Supplied information:

'''

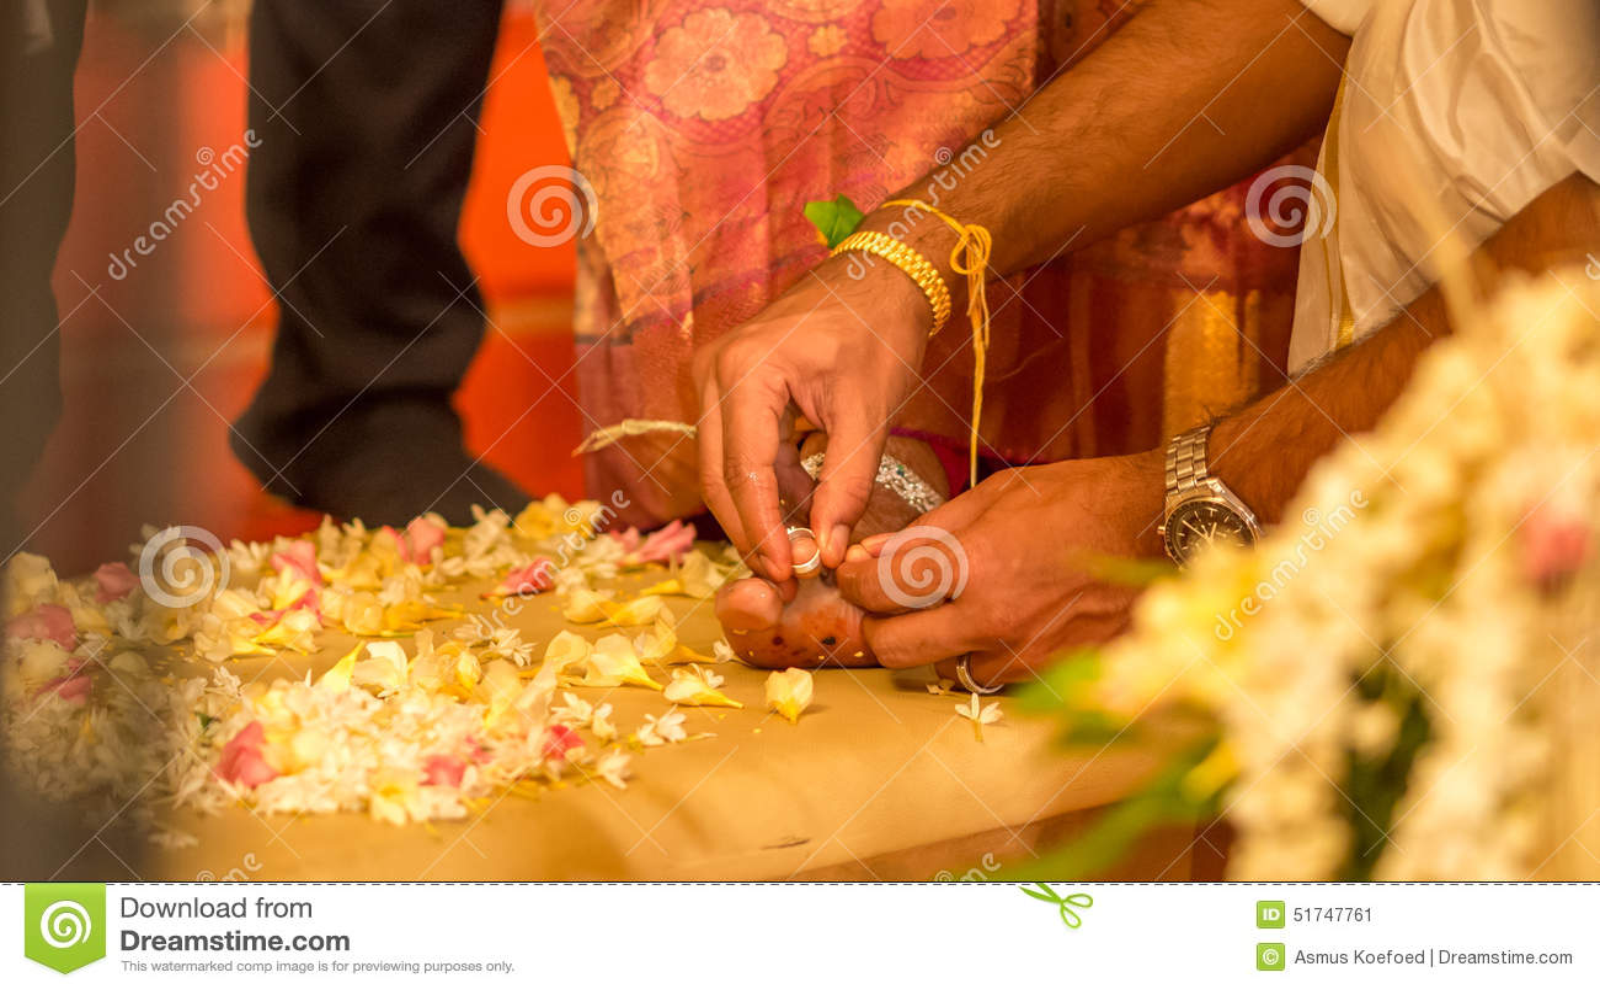 Indian Wedding Ring On Brides Foot Stock Image Image Of Bridegroom
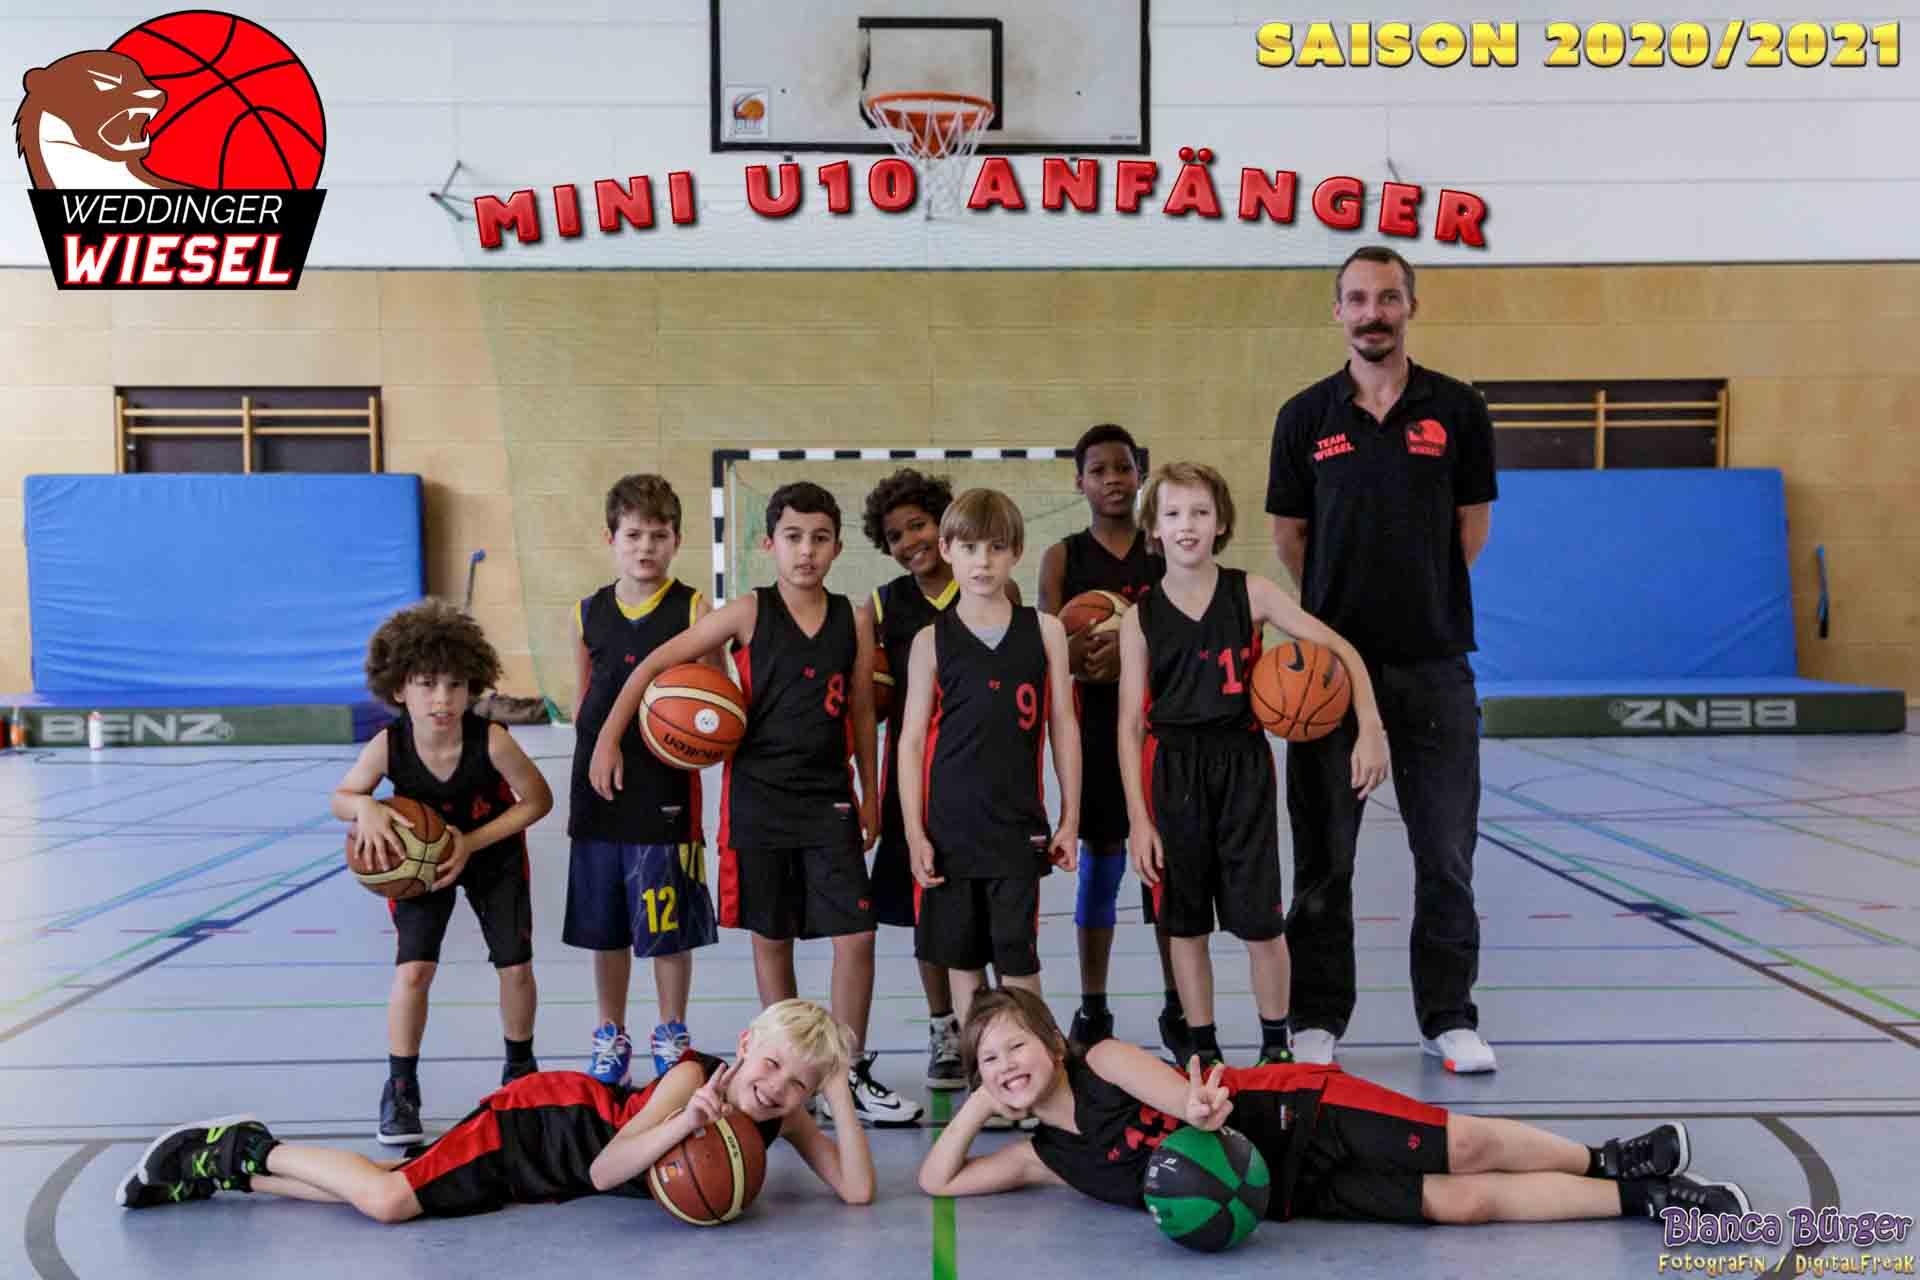 Team Mini U10 A Weddinger Wiesel Saison 2020-2021
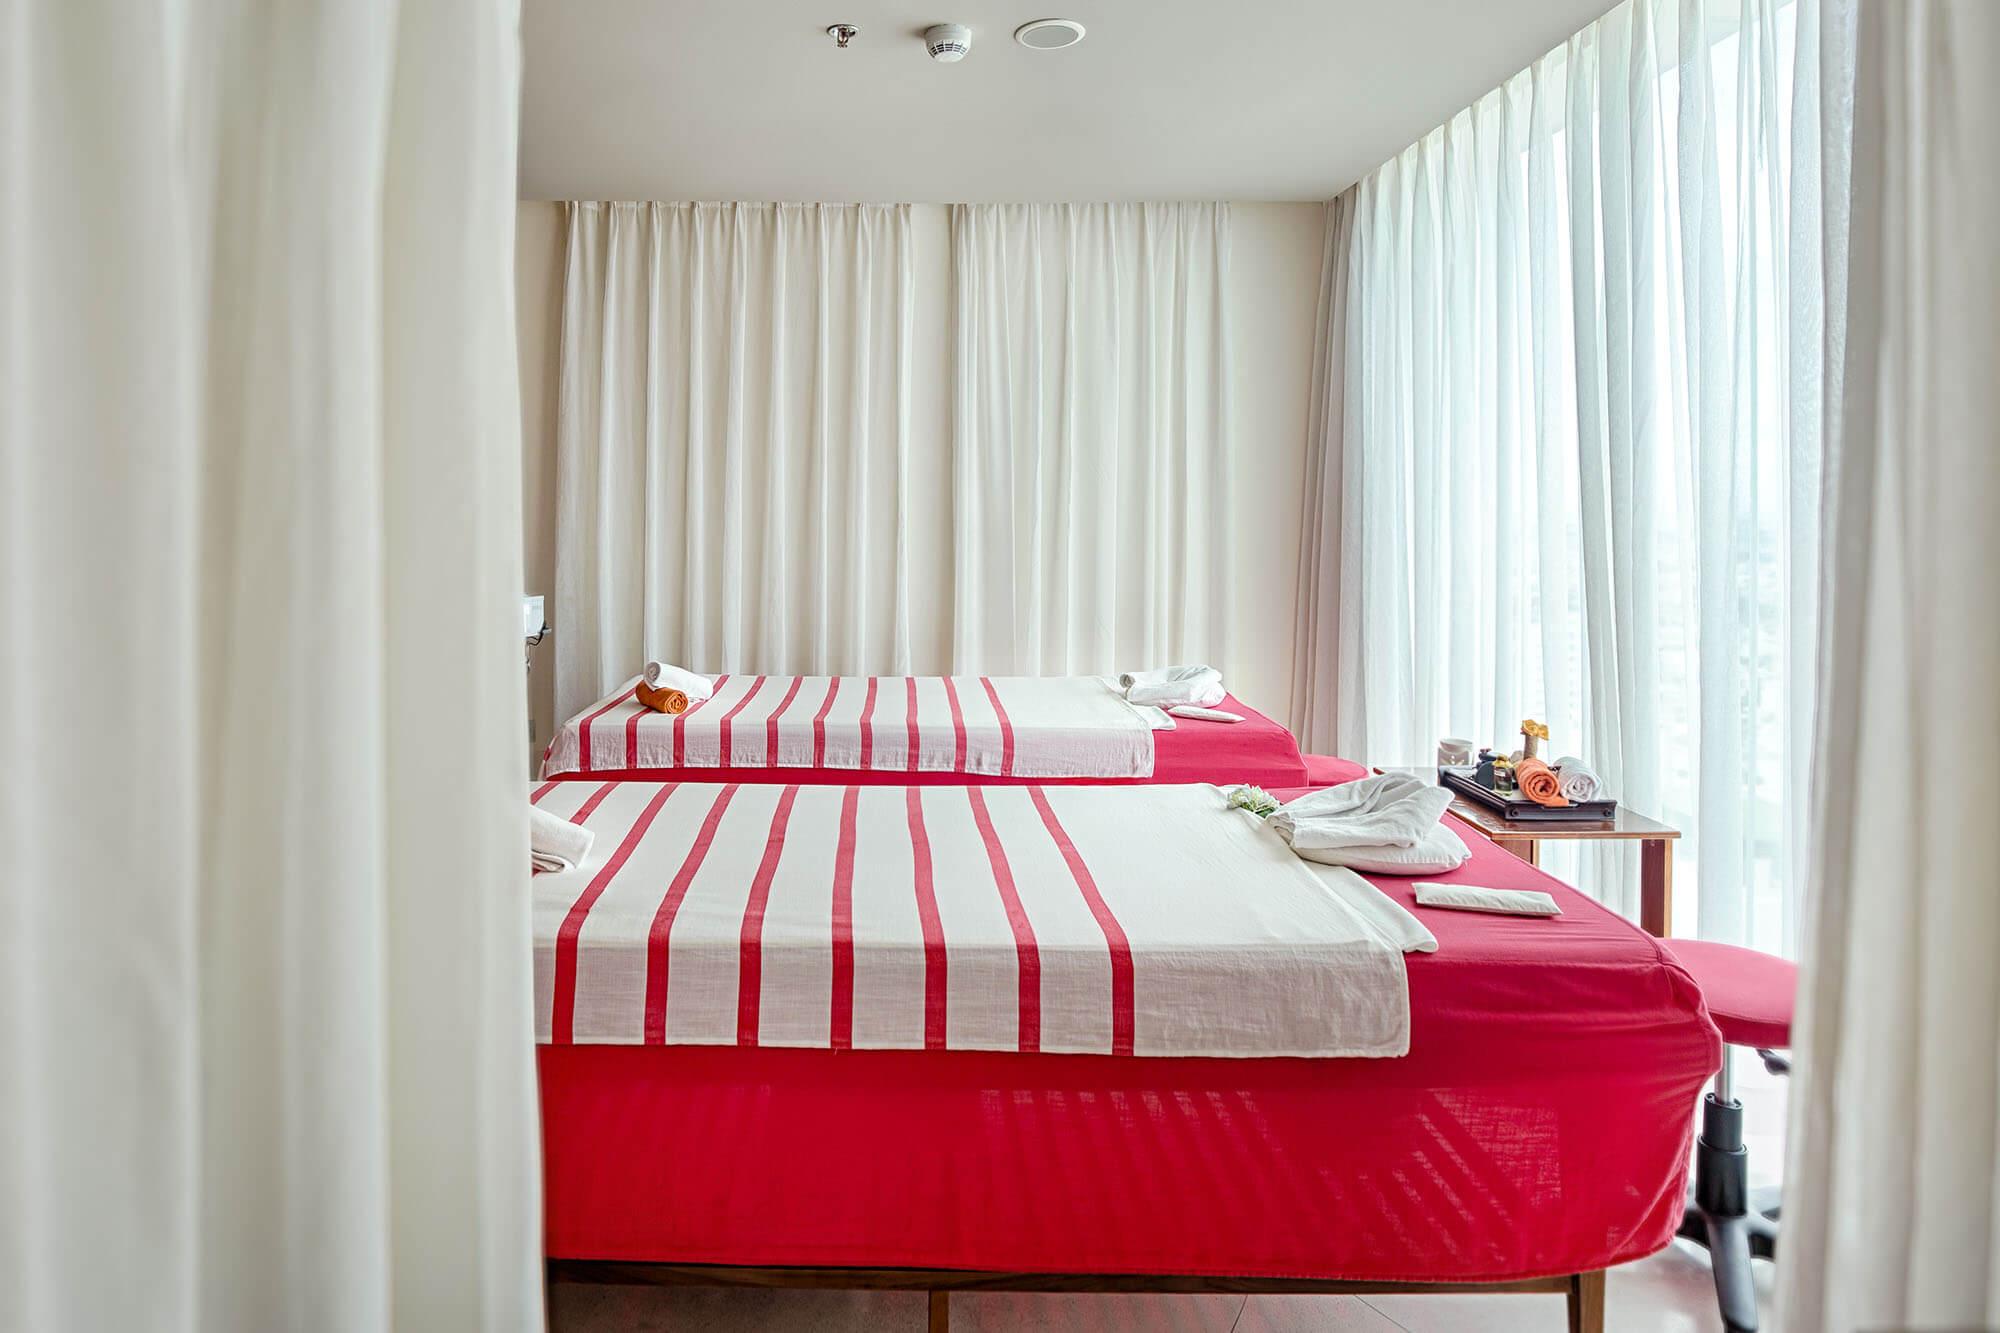 Spice Spa A La Carte Danang Beach Hotel 200 Vo Nguyen Giap Danang Fantasticity Com 02
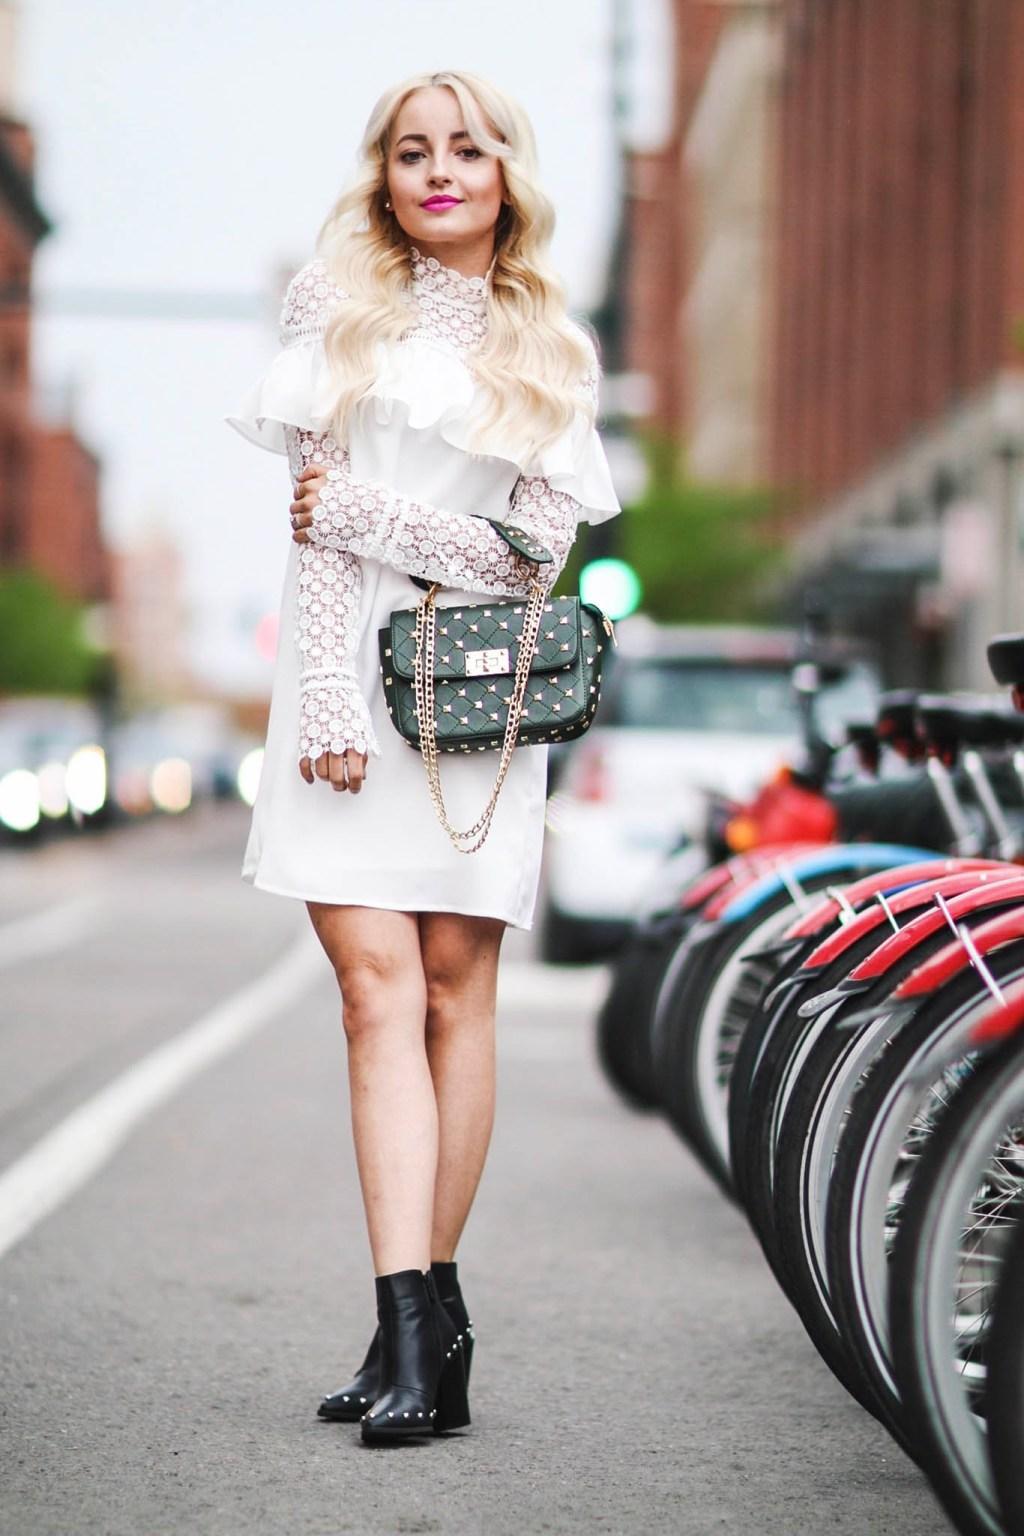 Alena Gidenko of modaprints.com shares her favorite white dresses for Spring and Summer

'''

When you copy the listing, keep every line exactly as it is but leave out all images.

Result of this task:
 Indian Wedding Ring On Brides Foot Stock Image Image Of Bridegroom
 Team Mini U10 A Weddinger Wiesel Saison 2020-2021
 Spice Spa A La Carte Danang Beach Hotel 200 Vo Nguyen Giap Danang Fantasticity Com 02
 Alena Gidenko of modaprints.com shares her favorite white dresses for Spring and Summer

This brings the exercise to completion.